PROBLEM STATEMENT: No pictures belong in the copy. Set down exactly the lines from the one that contains "Plutus IAS Test series for UPSC" through the end of the data.

SUPPLIED MATERIAL:
--*--

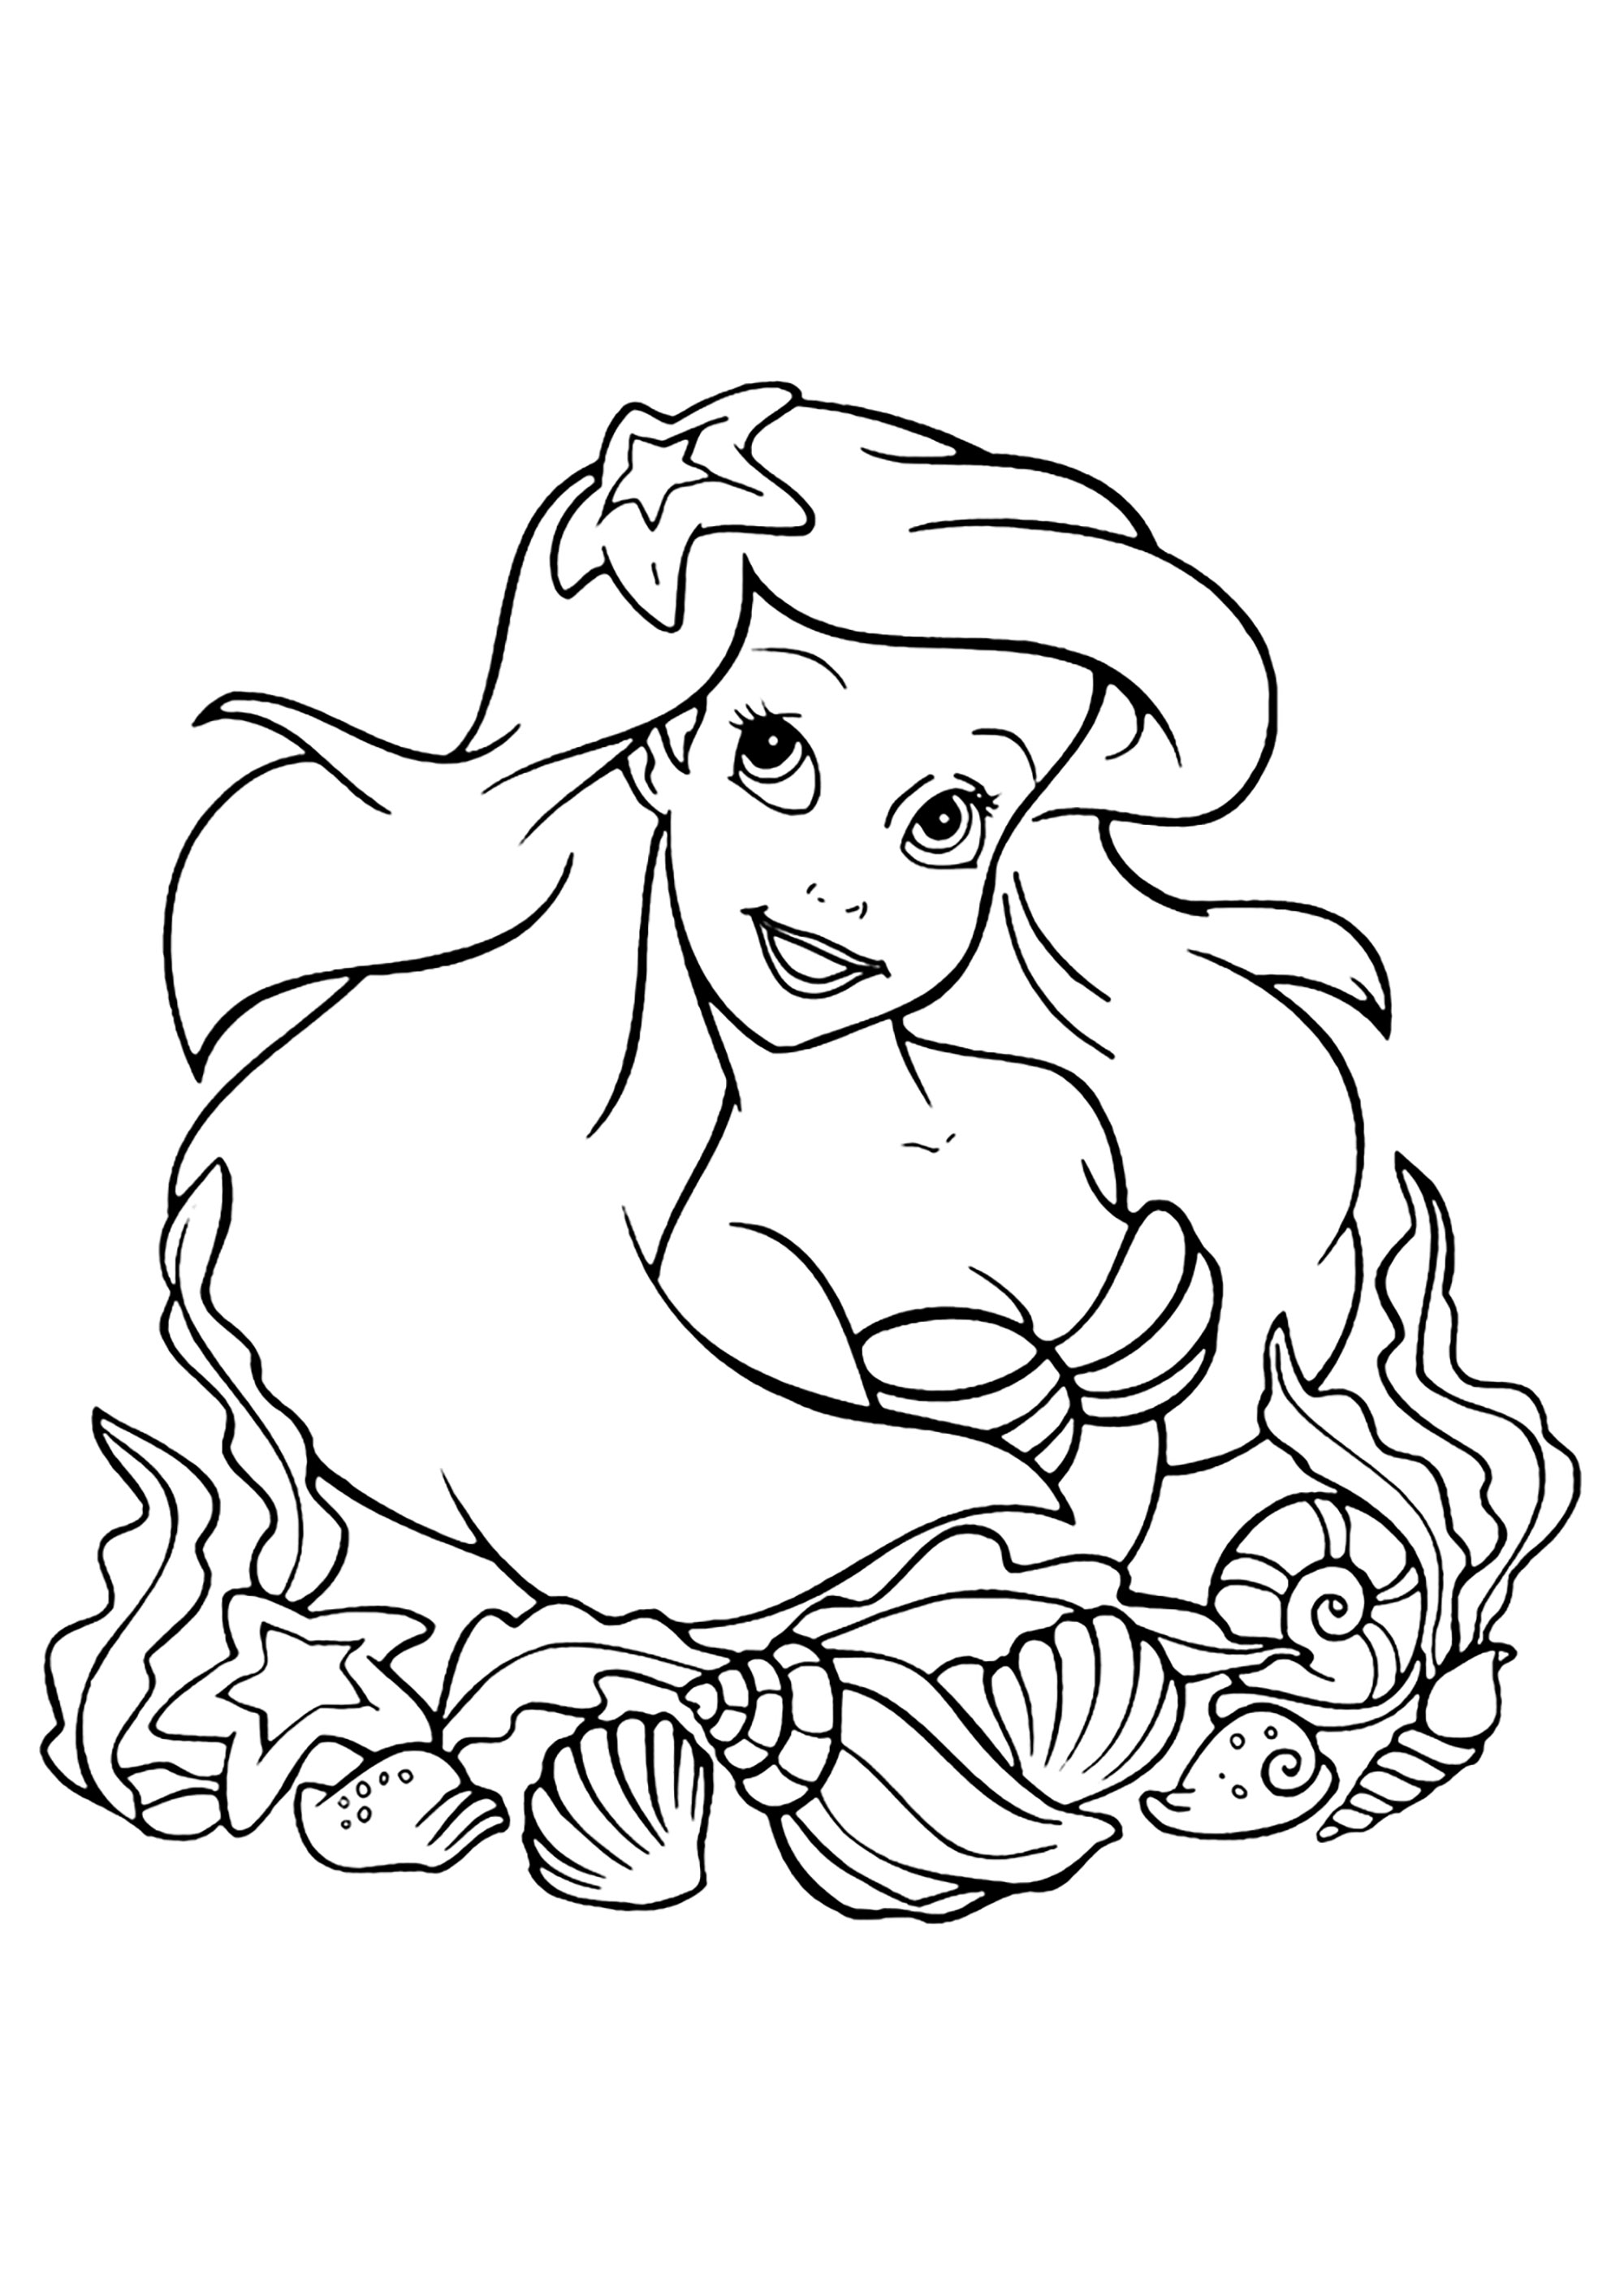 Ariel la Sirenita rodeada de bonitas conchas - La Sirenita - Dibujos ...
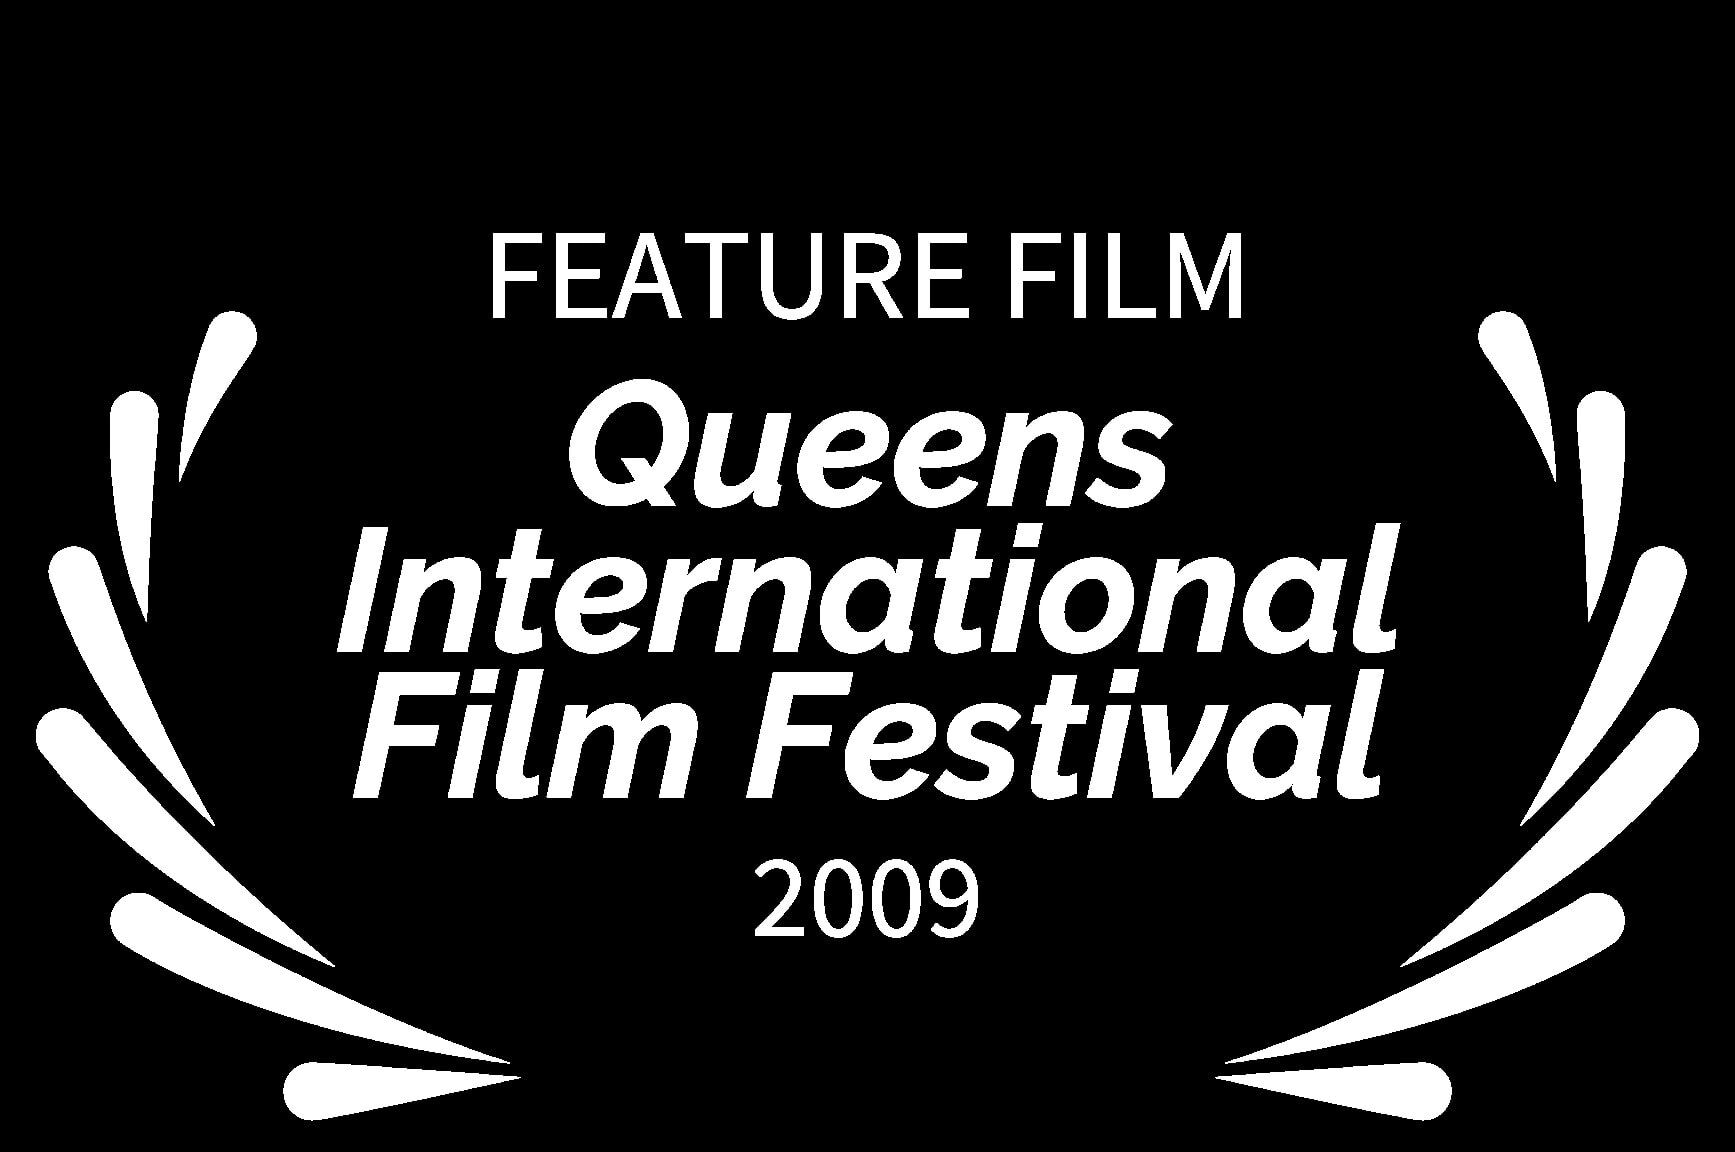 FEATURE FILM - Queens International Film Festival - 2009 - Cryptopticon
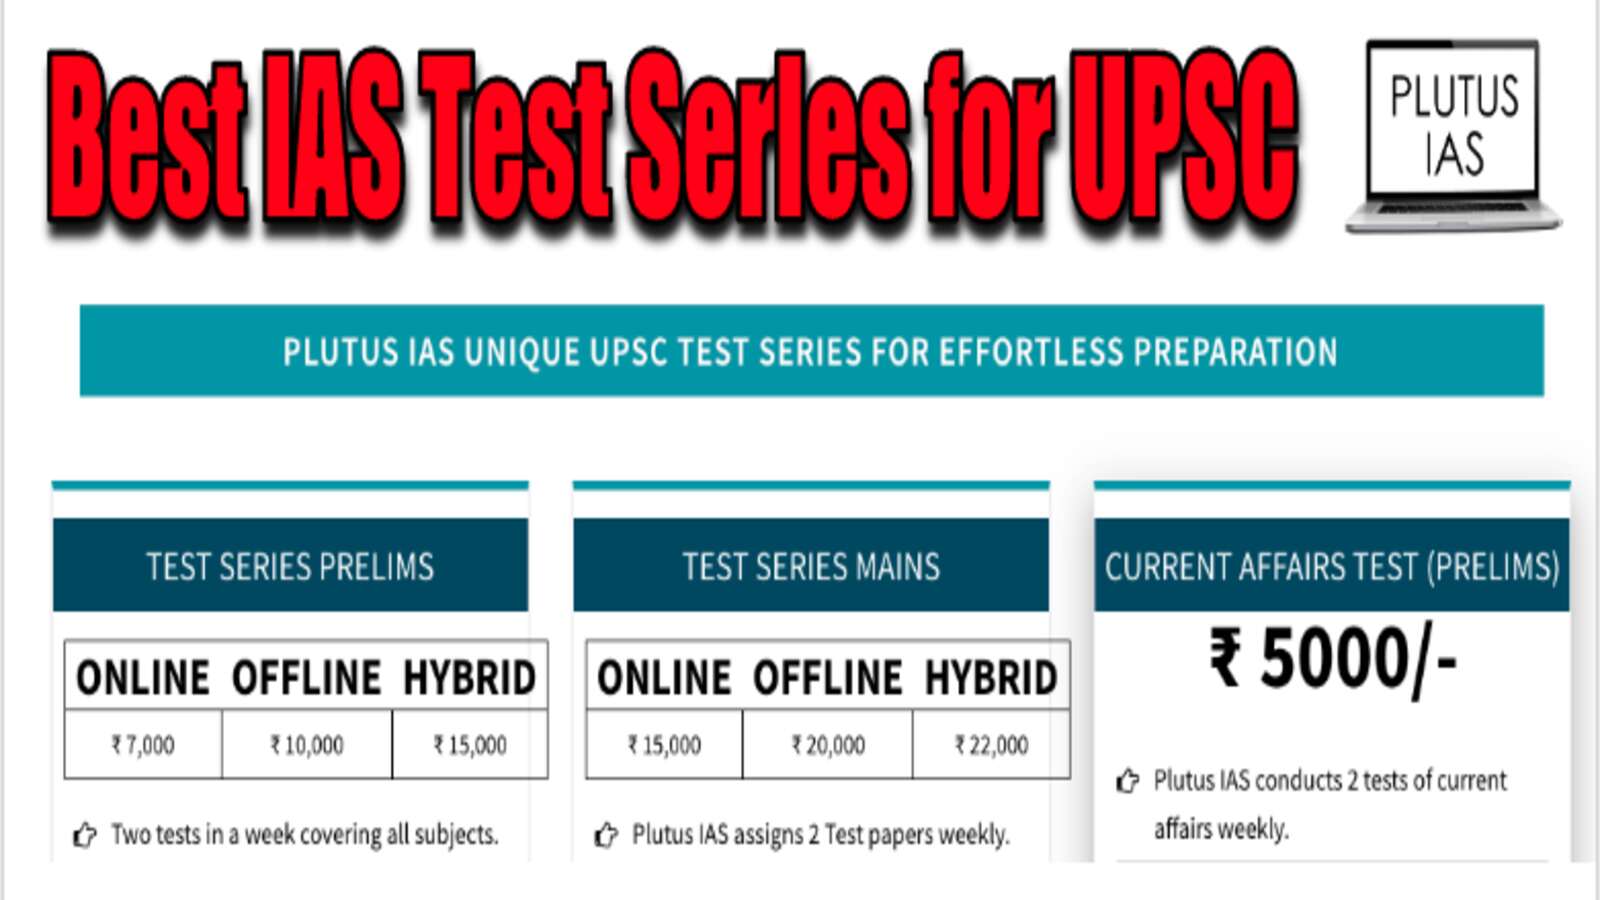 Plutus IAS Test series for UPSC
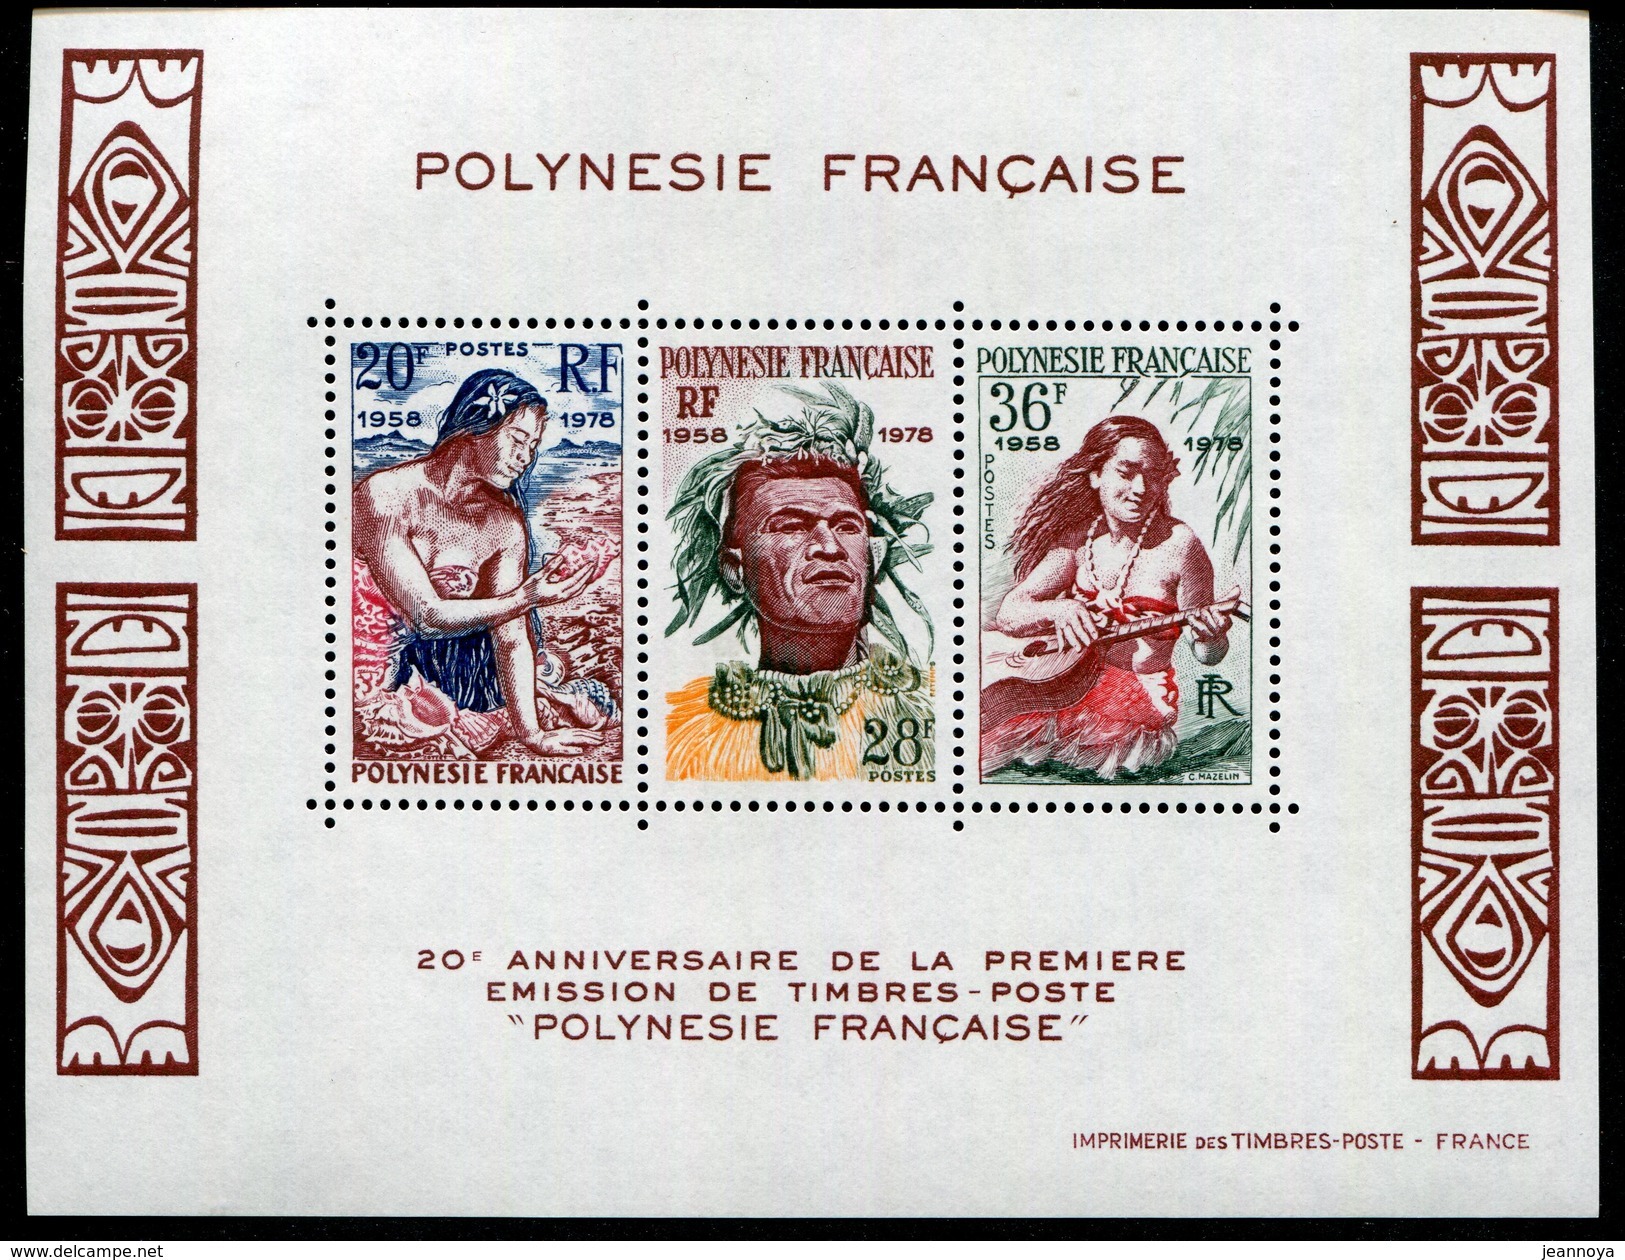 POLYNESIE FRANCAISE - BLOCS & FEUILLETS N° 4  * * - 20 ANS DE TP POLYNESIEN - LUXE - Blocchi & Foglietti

--*--

SOLUTION:
 Plutus IAS Test series for UPSC
 POLYNESIE FRANCAISE - BLOCS & FEUILLETS N° 4  * * - 20 ANS DE TP POLYNESIEN - LUXE - Blocchi & Foglietti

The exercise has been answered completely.